What to produce | The reply is a verbatim copy of the listing below with its images dropped.

Input data |
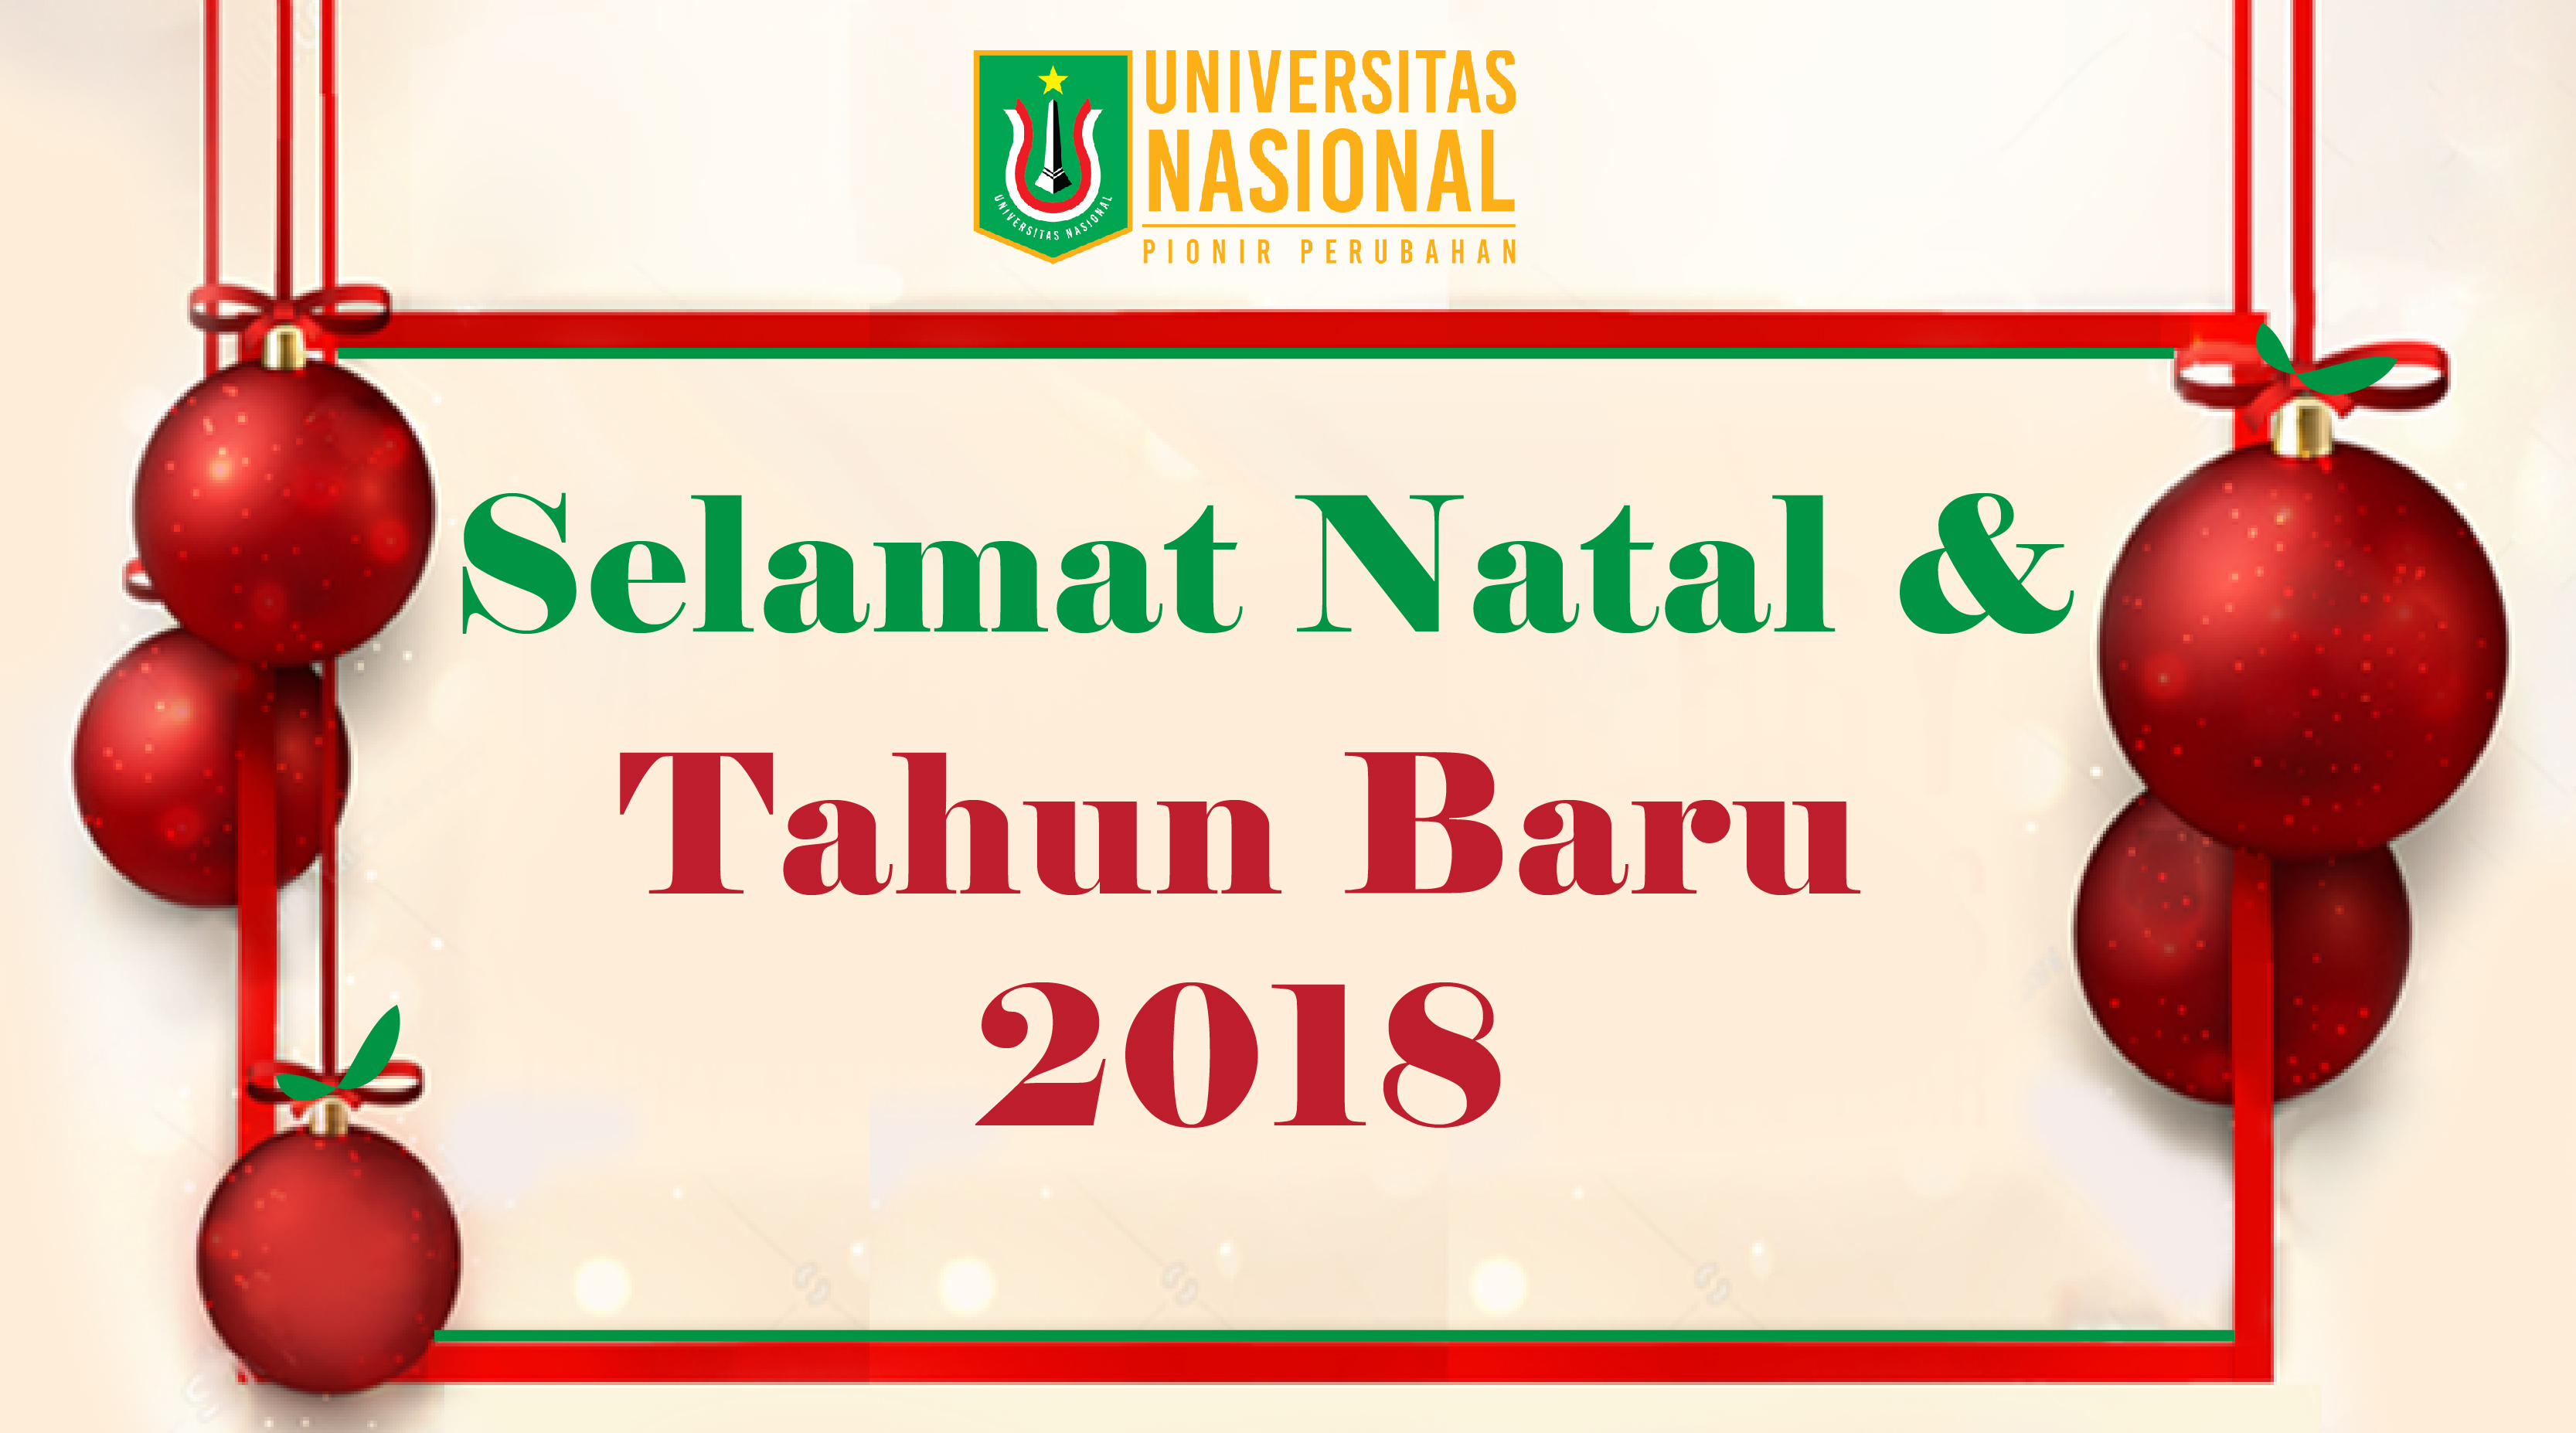 SELAMAT NATAL & TAHUN BARU 2018 – Universitas Nasional
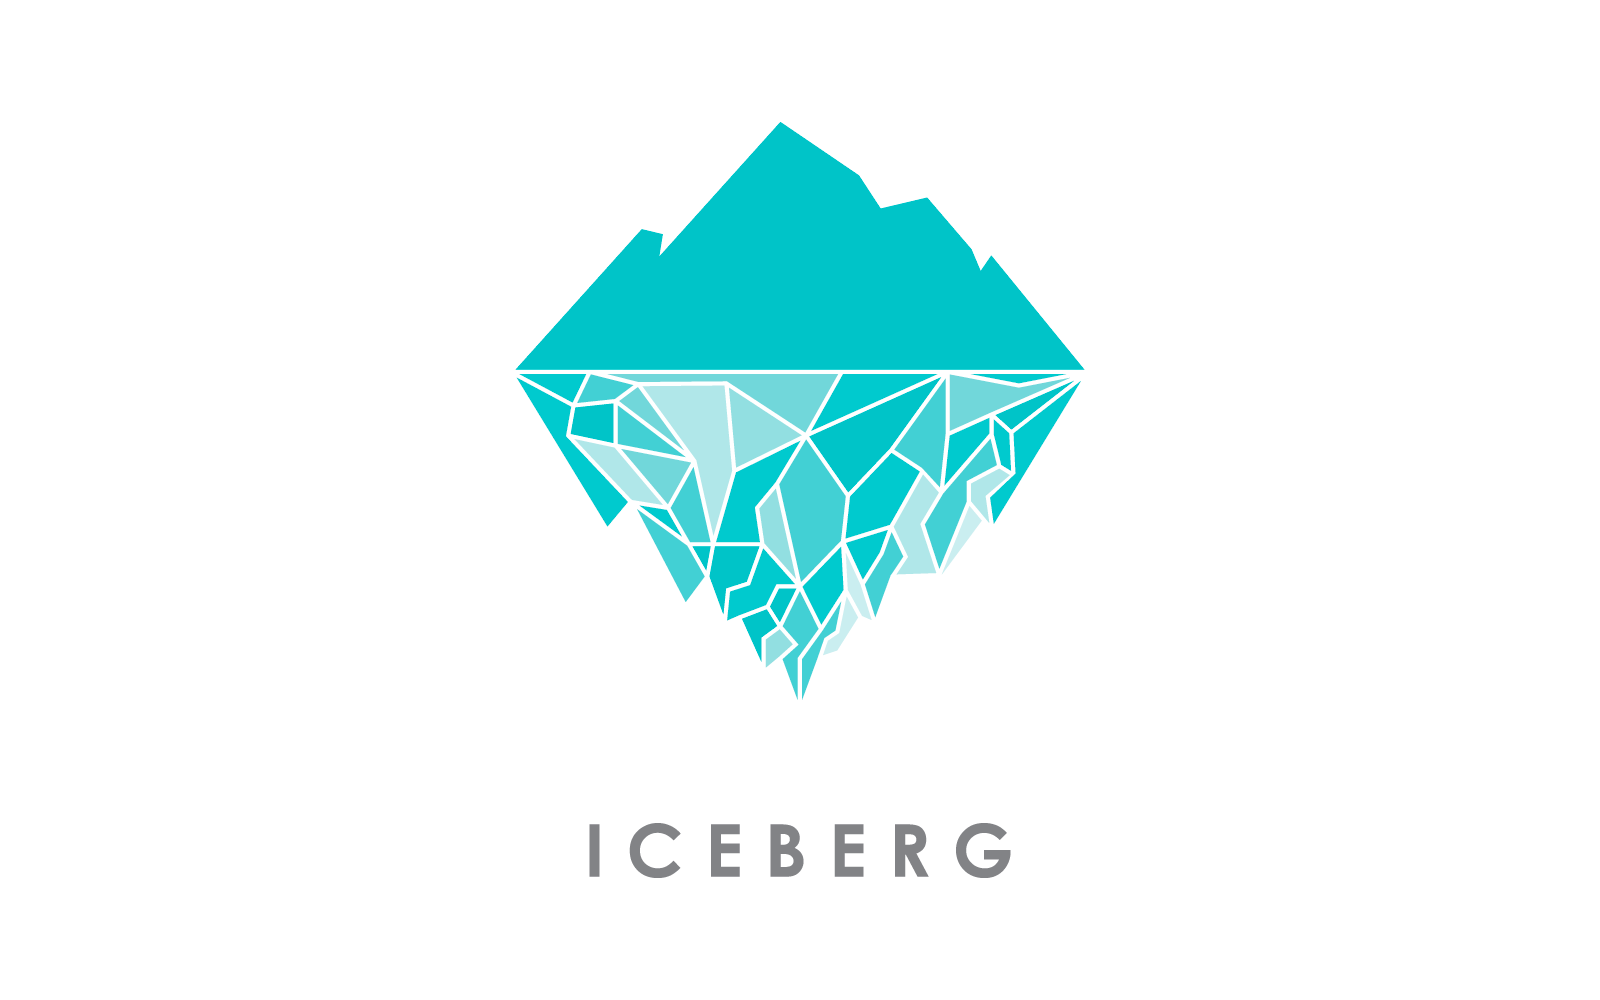 Iceberg illustration logo vector design
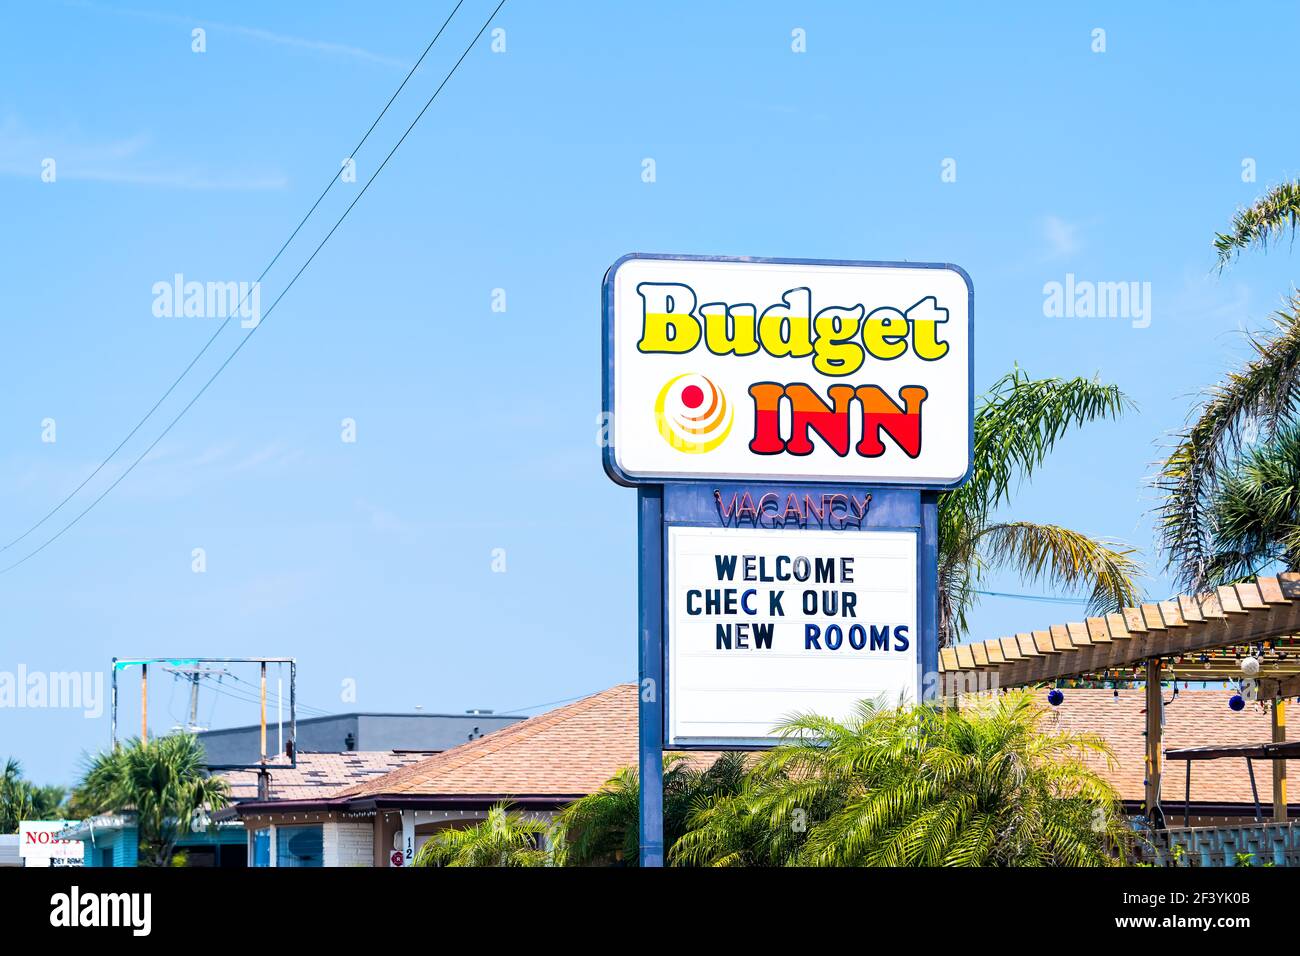 St. Augustine, Stati Uniti d'America - 10 maggio 2018: Cartello Budget Inn hotel motel sulla città tropicale dell'isola della Florida in estate con annuncio per la vacanza e le nuove camere Foto Stock
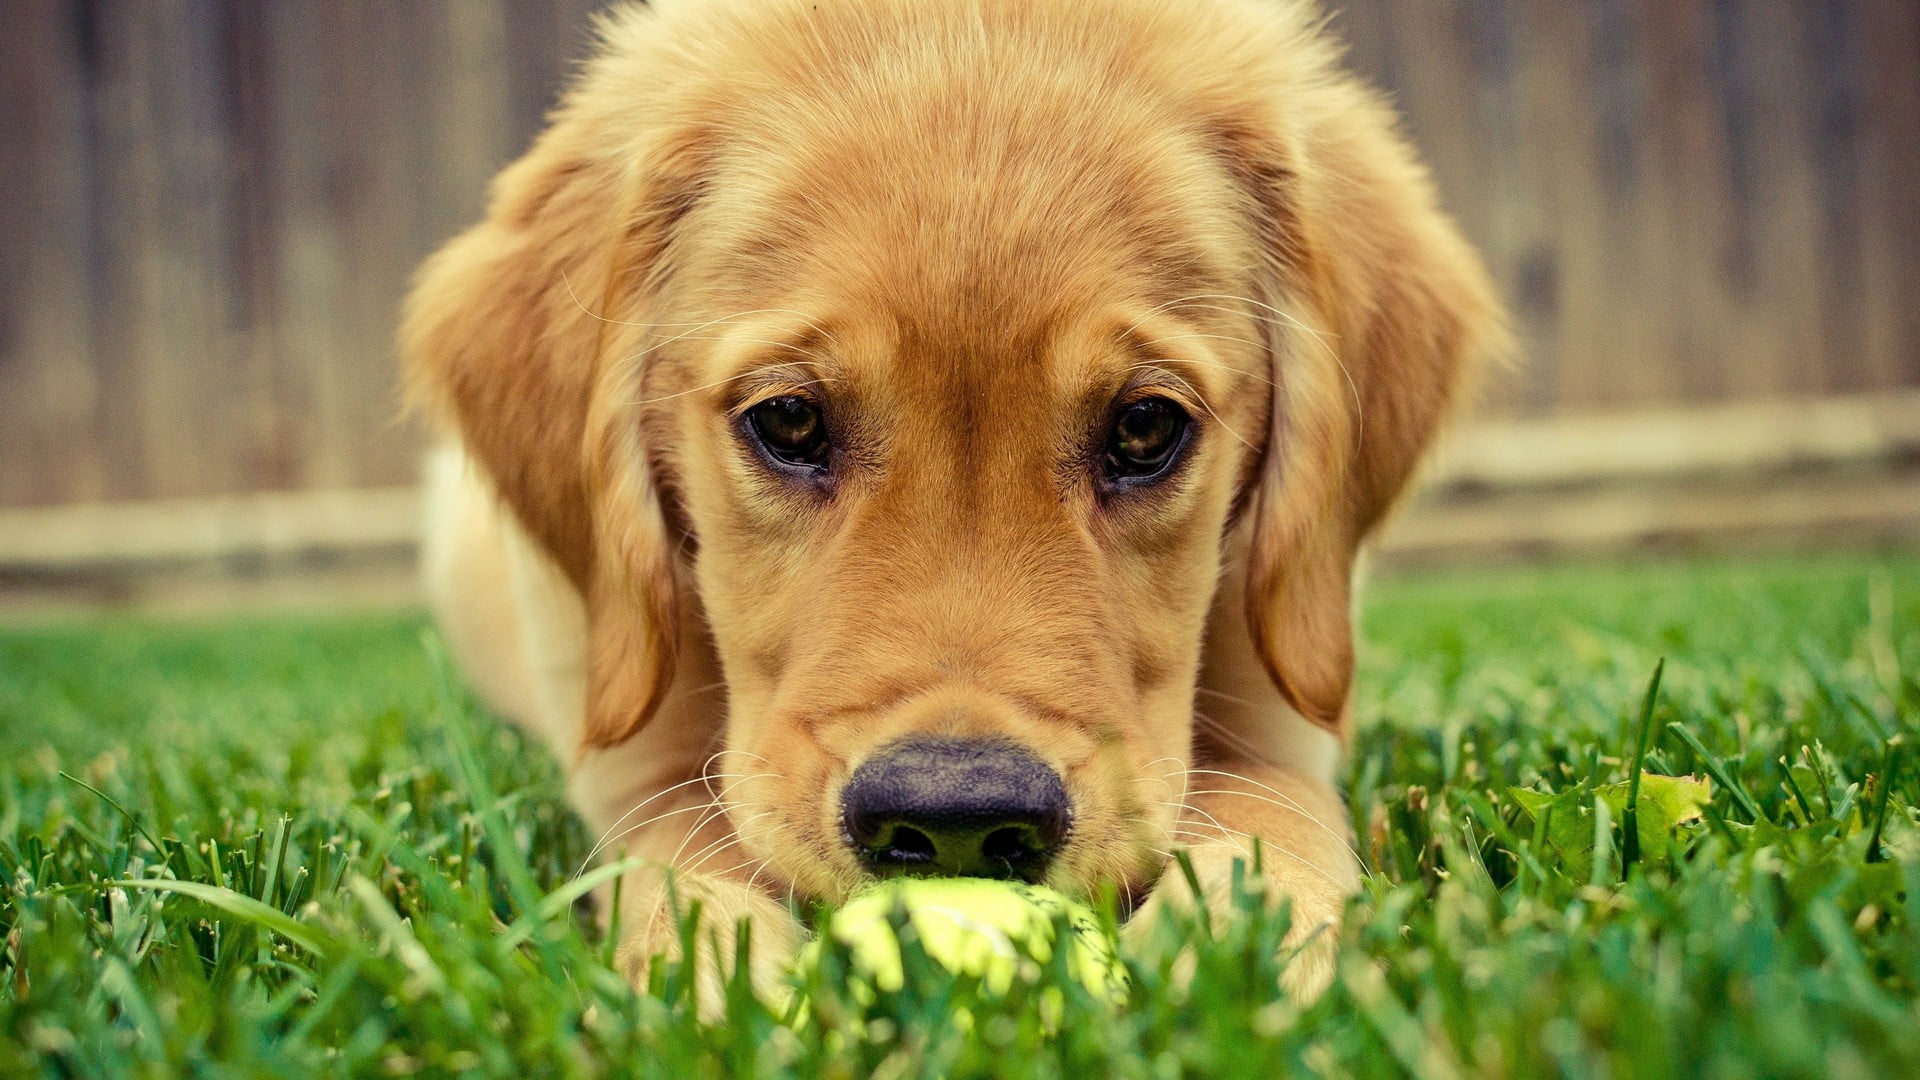 Golden retriever puppy on grass field HD wallpaper ...

Solution |
 SELAMAT NATAL & TAHUN BARU 2018 – Universitas Nasional
 Iceberg illustration logo vector design
 St. Augustine, Stati Uniti d'America - 10 maggio 2018: Cartello Budget Inn hotel motel sulla città tropicale dell'isola della Florida in estate con annuncio per la vacanza e le nuove camere Foto Stock
 Golden retriever puppy on grass field HD wallpaper ...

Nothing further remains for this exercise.